By Portage County Business Council

“Courage is being afraid, but showing up anyways” – Rachel Hollis

On May 2nd, I was fortunate enough to attend a Rise-X-Live conference hosted by the Hollis Company – aka, my spiritual human, Rachel Hollis. If you aren’t familiar with her name or mission, she wrote Girl Wash Your Face and Girl Stop Apologizing, she is also known for her “5 to Thrive” and the 90 Day Challenge. She spreads the idea of becoming your best self by taking care of your body, your mind, and your business.

As a recent college graduate from UW – Stevens Point, you guys – I NEEDED this. With uncertainties ranging from moving, to finding a full-time position, to leaving this community of people I’ve grown so attached to in the past four years. If any of you are struggling with uncertainty, or finding yourself during this COVID-19 pandemic, or just in general, I have some incredible notes from the conference I attended – free of charge!
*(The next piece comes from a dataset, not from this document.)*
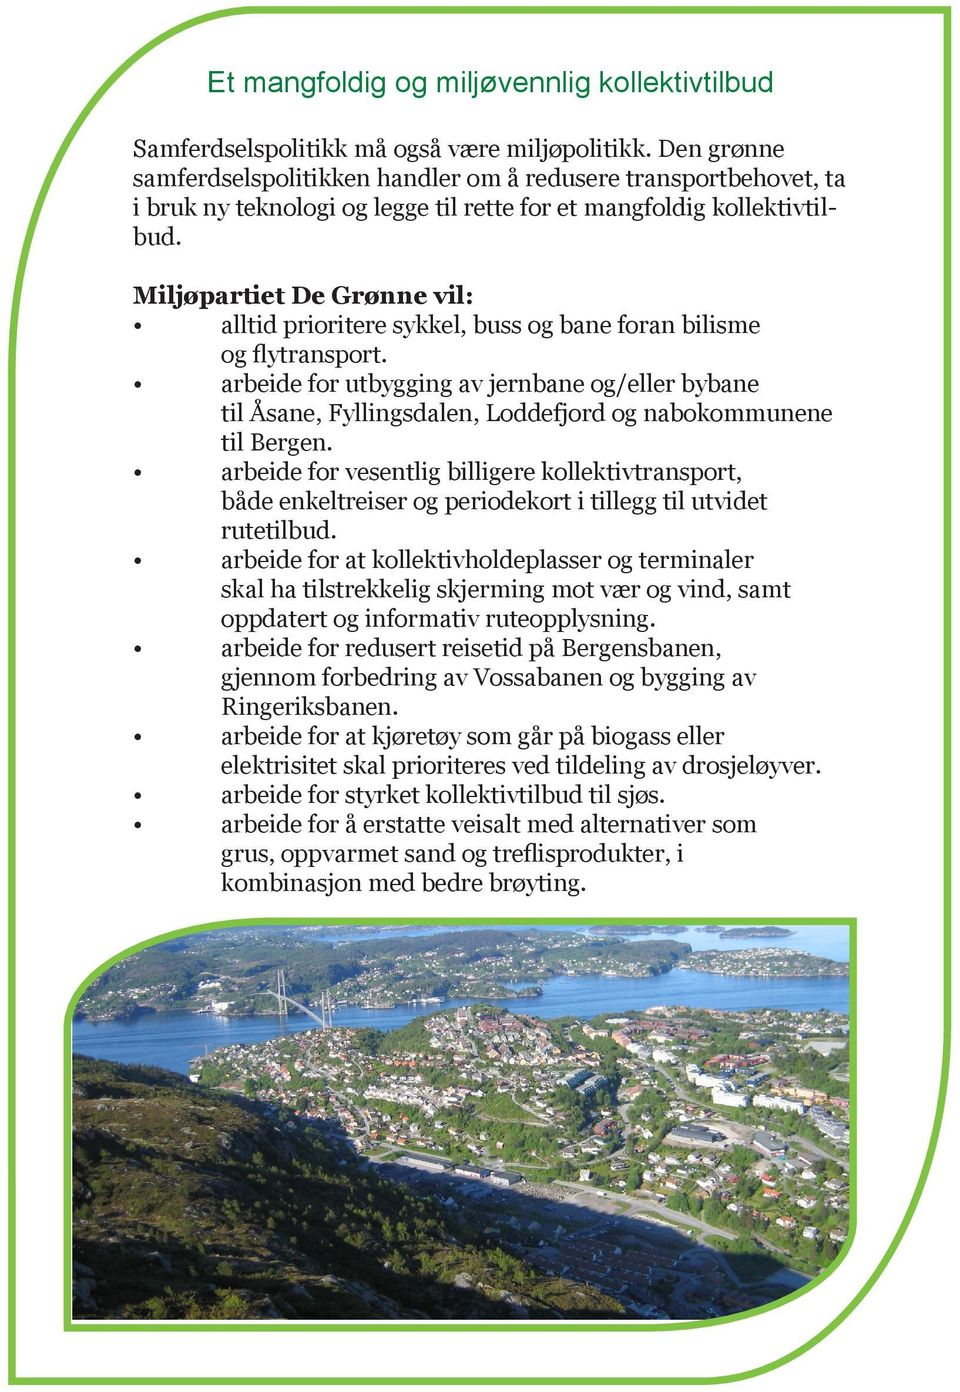 alltid prioritere sykkel, buss og bane foran bilisme og flytransport. arbeide for utbygging av jernbane og/eller bybane til Åsane, Fyllingsdalen, Loddefjord og nabokommunene til Bergen.

“Courage is not the absence of fear, but rather the assessment that something else is more important than fear” – Franklin D. Roosevelt.

Everyone could use some courage in their life; this was the theme for Rise-X-Live. In order to find courage, you must first evaluate your perspective and mindset.

  • Perspective is how you see things.
  • Mindset is what you think about what you are seeing.

You don’t see life as it is, you see life as YOU are. Your past experiences, memories, and traumas are affecting how you see your present life. So I challenge you to dig in deep… What in your past is affecting how you are looking at your current situation? What is limiting you from reaching your full potential? Is it that time you peed your pants on stage as a kid, and now you feel anxiety about speaking in front of a group? Did you experience a childhood trauma that has affected how you treat others or yourself today? What is the calling on your heart?

There are two types of mindsets; a fixed mindset and a growth mindset. Think of this as the infamous “What if” question.

A fixed mindset is the belief that you are born with it, or you aren’t. These are the people who believe they weren’t “wired” a certain way, so they will never be “this”, or couldn’t ever do “that” because they weren’t born that way.

  • A fixed mindset uses “What if” as a place of fear. Anxiety strikes as made up scenarios of things that could go wrong.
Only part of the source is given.